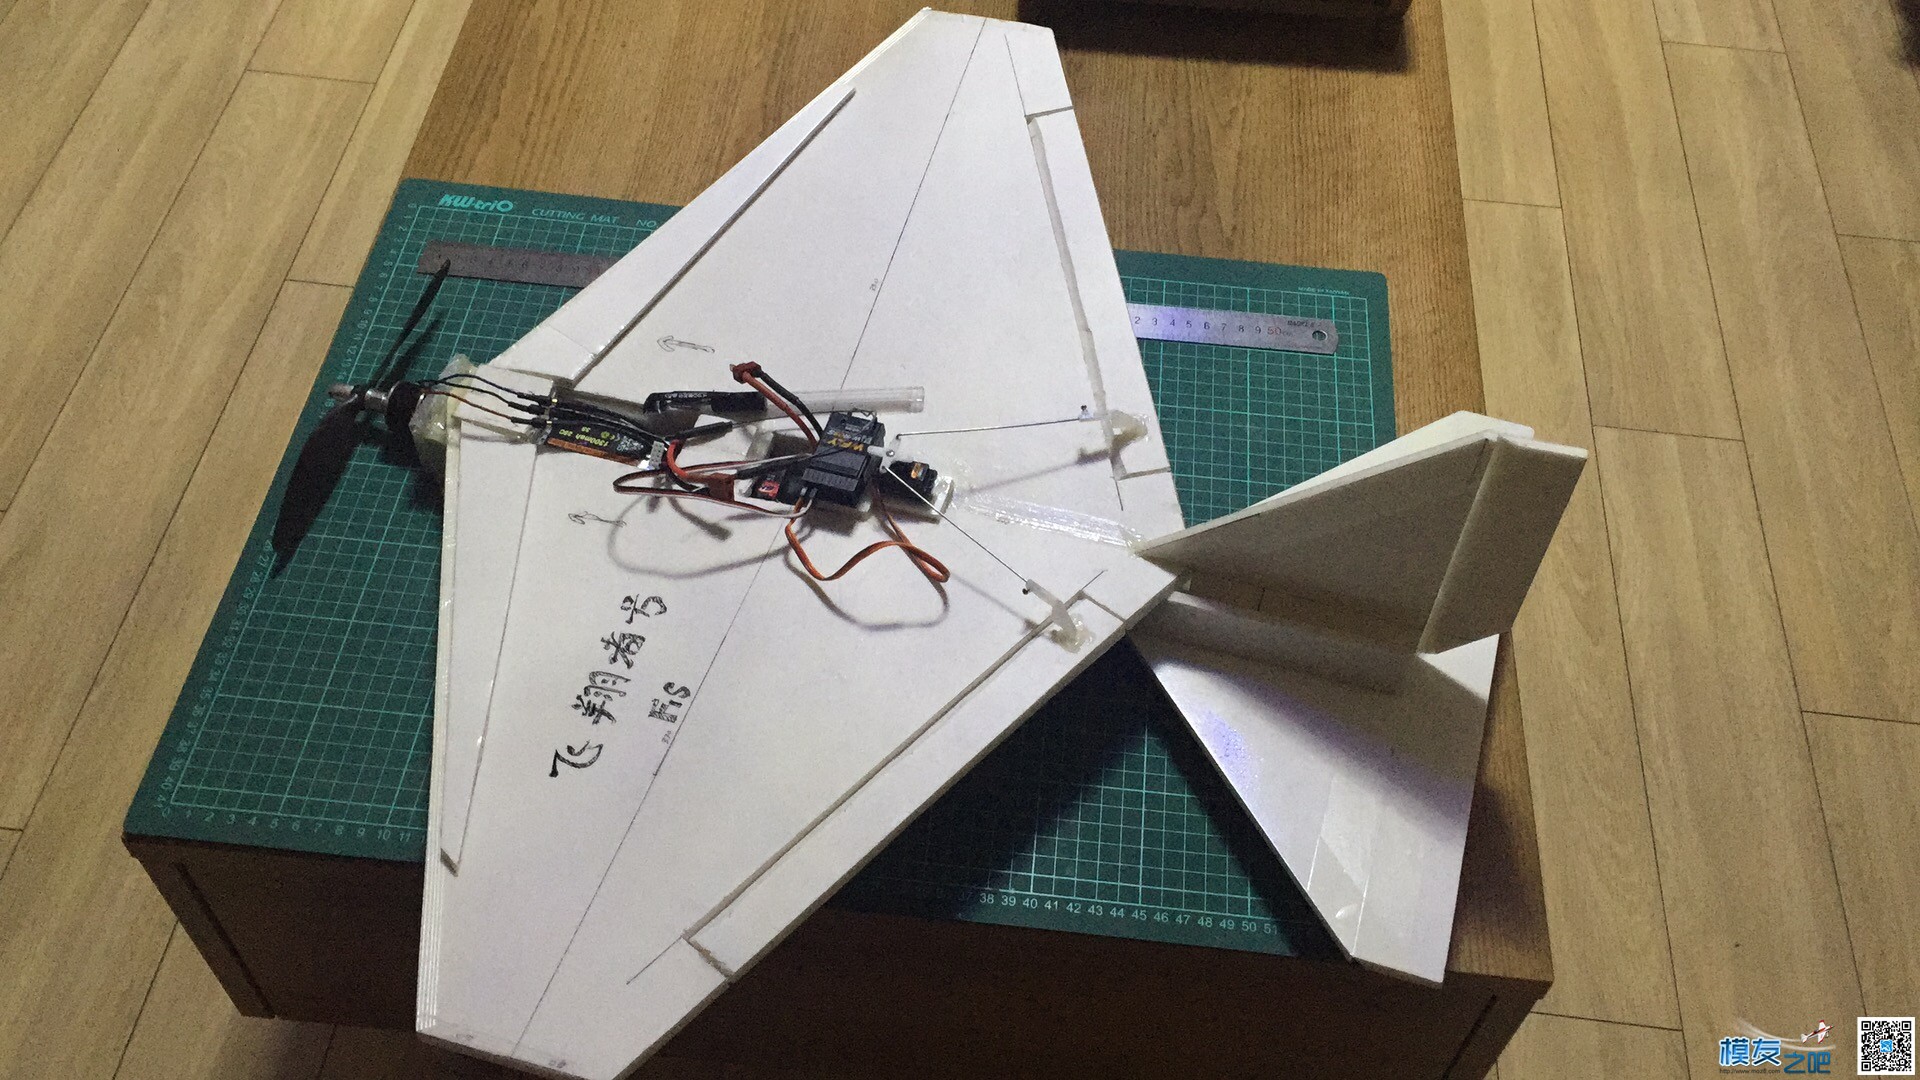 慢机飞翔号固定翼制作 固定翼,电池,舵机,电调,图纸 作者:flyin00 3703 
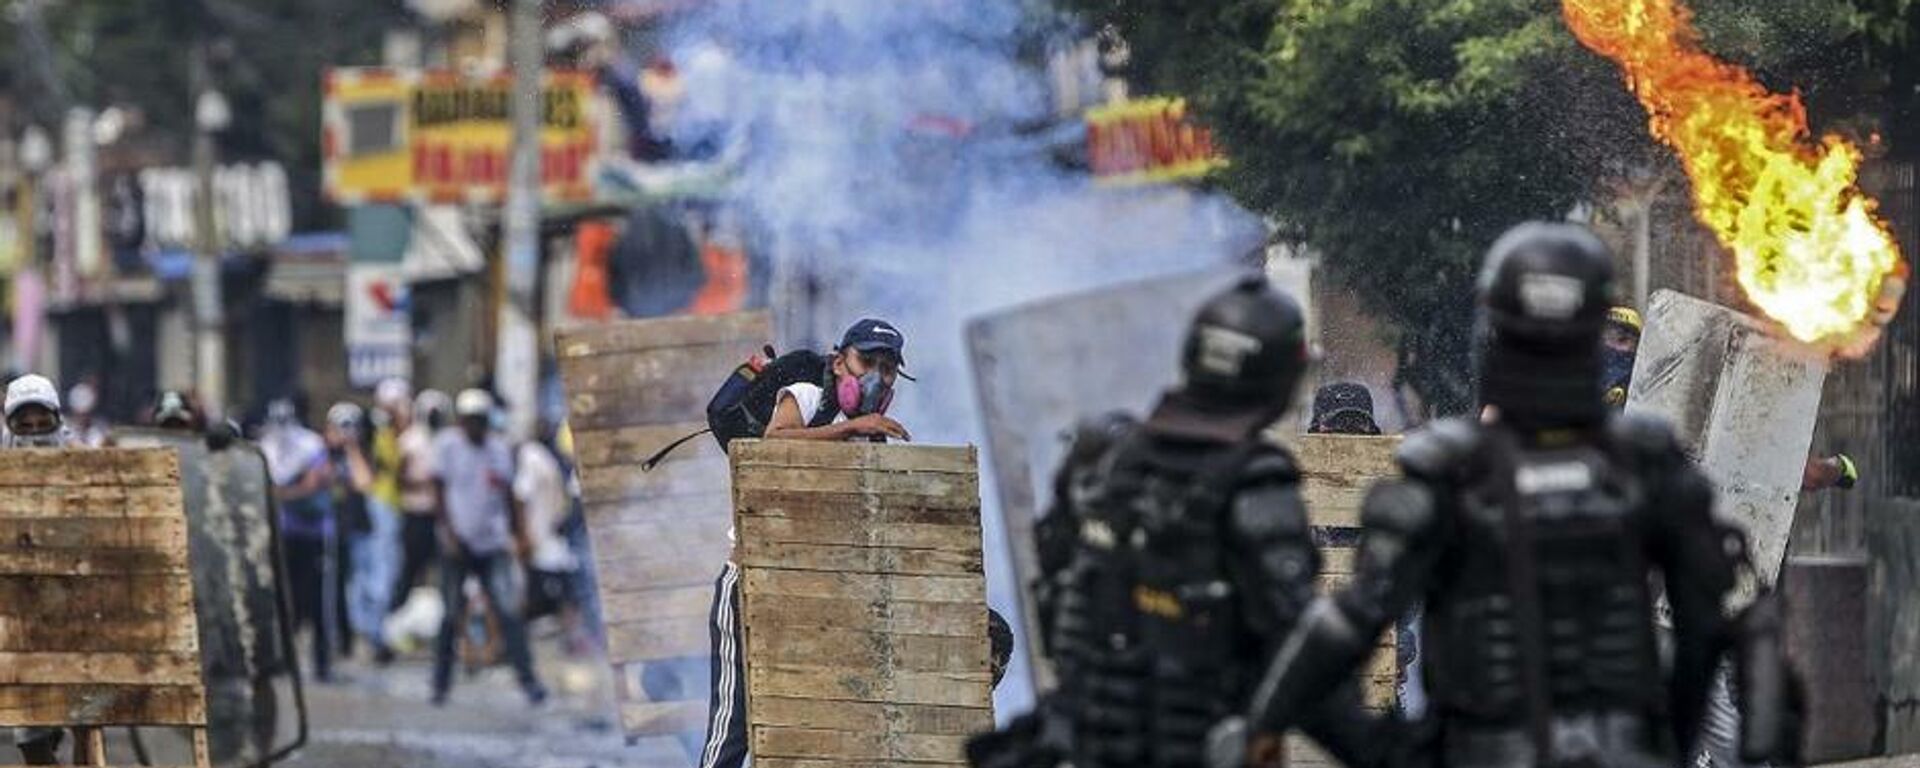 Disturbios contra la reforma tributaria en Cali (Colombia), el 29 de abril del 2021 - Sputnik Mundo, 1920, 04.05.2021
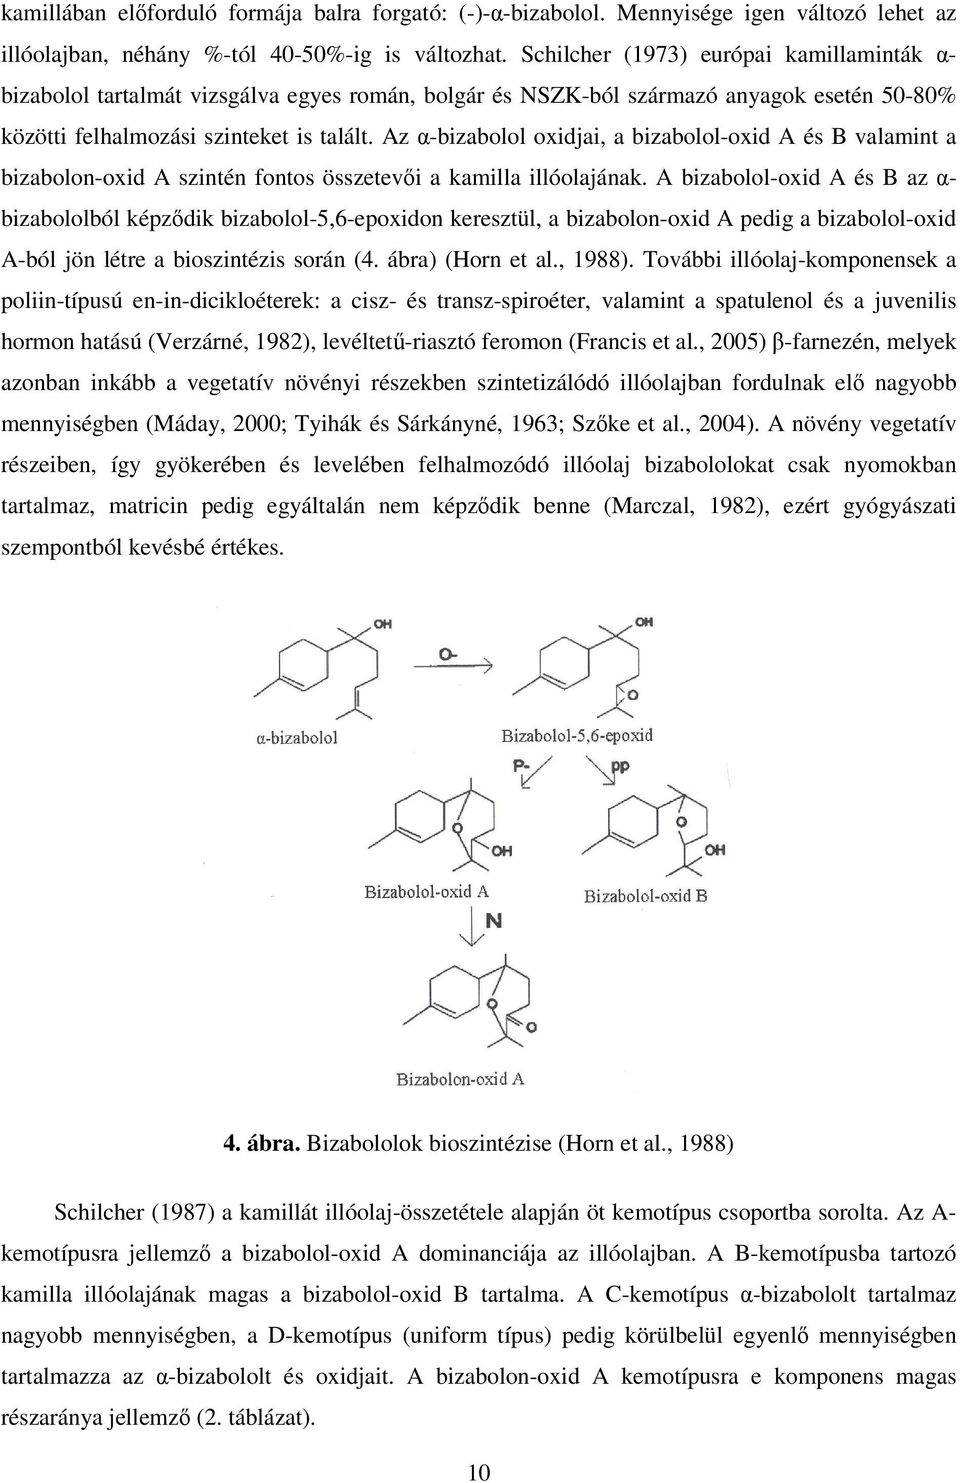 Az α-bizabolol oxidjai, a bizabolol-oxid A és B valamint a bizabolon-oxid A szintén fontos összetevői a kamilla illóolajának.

== Exercise objective ==
What you return must match the material above exactly, minus its pictures.

== Solved exercise ==
 慢机飞翔号固定翼制作 固定翼,电池,舵机,电调,图纸 作者:flyin00 3703 
 Disturbios contra la reforma tributaria en Cali (Colombia), el 29 de abril del 2021 - Sputnik Mundo, 1920, 04.05.2021
 Az α-bizabolol oxidjai, a bizabolol-oxid A és B valamint a bizabolon-oxid A szintén fontos összetevői a kamilla illóolajának.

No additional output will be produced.